# Christianity and Naziism



## Joe Keysor (Jul 3, 2005)

Has anyone else run across attempts to link Christianity to Naziism? Here are a couple of examples:
http://www.nobeliefs.com/henchmen.htm

http://www.stephenjaygould.org/ctrl/quotes_hitler.html

These are not just eccentric websites. A holocaust video checked out from the local library said that centuries of Christian antisemitism made the Jews Hitler's natural target. A major book on the Holocaust published by Oxford University Press (The Holocaust in Historical Context) admits that Naziism was hostile to and different from Christianity, but still says it was Christianity that started the problem by marginalizing and condemning the Jews.
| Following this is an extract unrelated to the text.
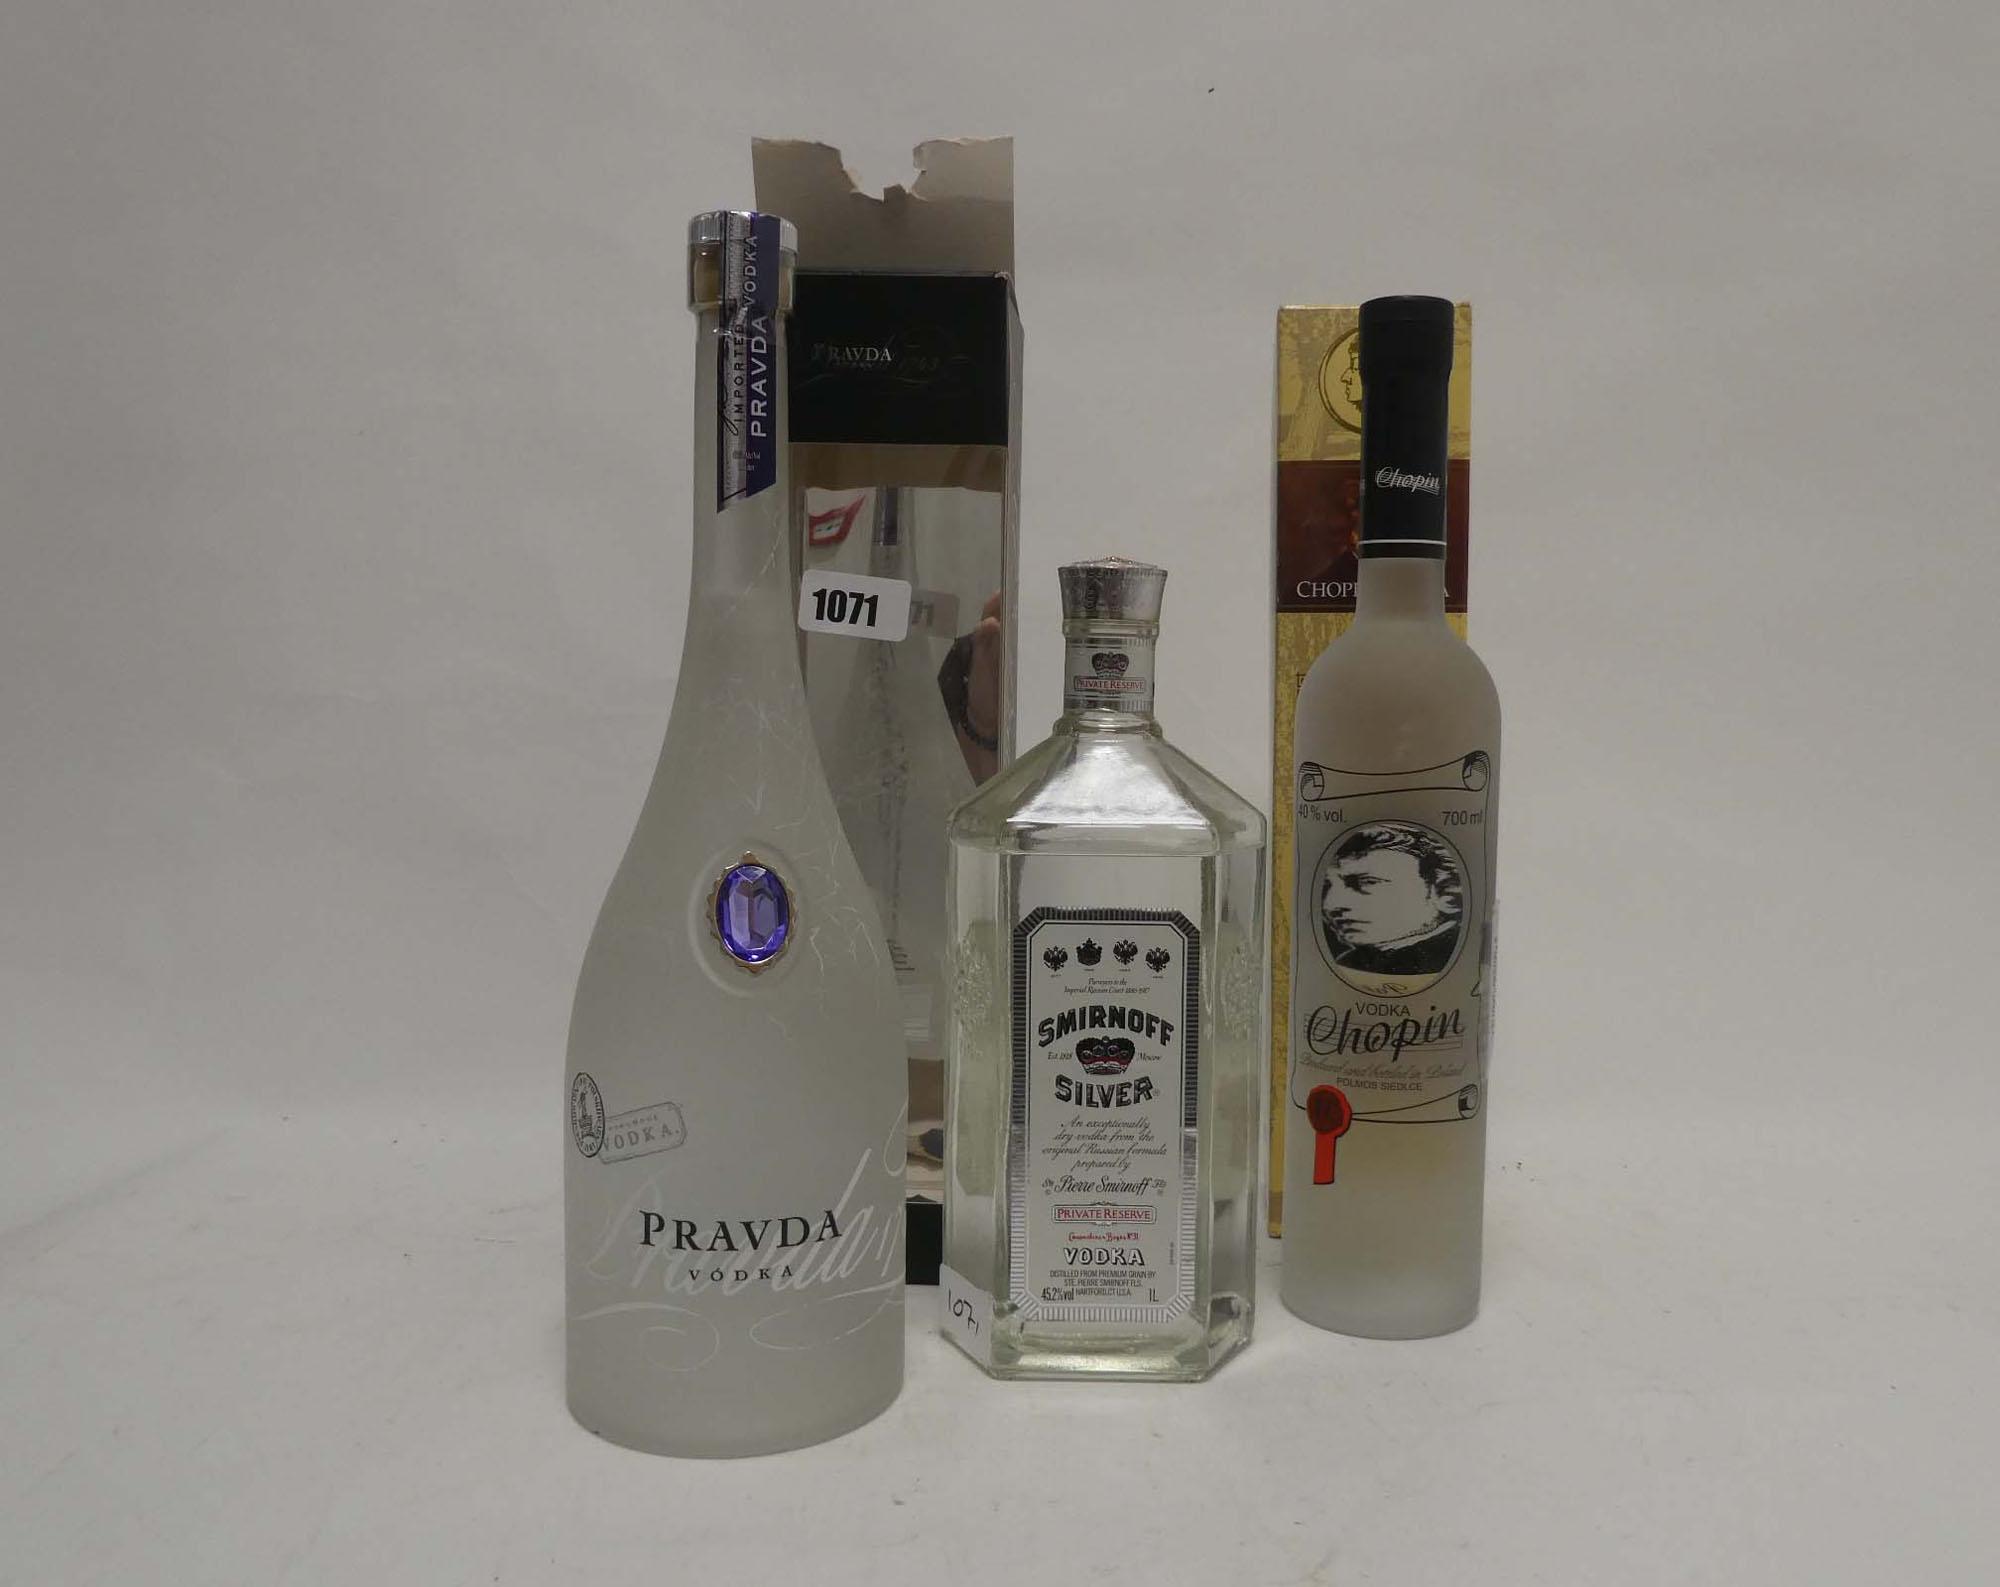 3 bottles of Vodka, 1x Pravda Polish Imported Vodka with box 1litre 40%,

This also came up often on a Jewish anti-Christian website (www.jewsforjudaism.com), a good place for some pre-evangelism.

Does anyone know of a Christian response to these charges and accusations? I wrote an essay myself and put it on the internet (www.bedfordgaol.com) - as far as i know nothing else has been written on the Holocaust from a biblical point of view. I would be glad to find out about some other responses to this. Luther has also been unjustly criticized and not defended enough as far as I know. 

Actually, Hitler's roots humanly speaking go back to the 19th century rejection of Christianity, not to the reformation or to Roman Palestine. Some German thinkers expressed the basic ideas of Naziism in the 19th century.


----------



## RamistThomist (Jul 3, 2005)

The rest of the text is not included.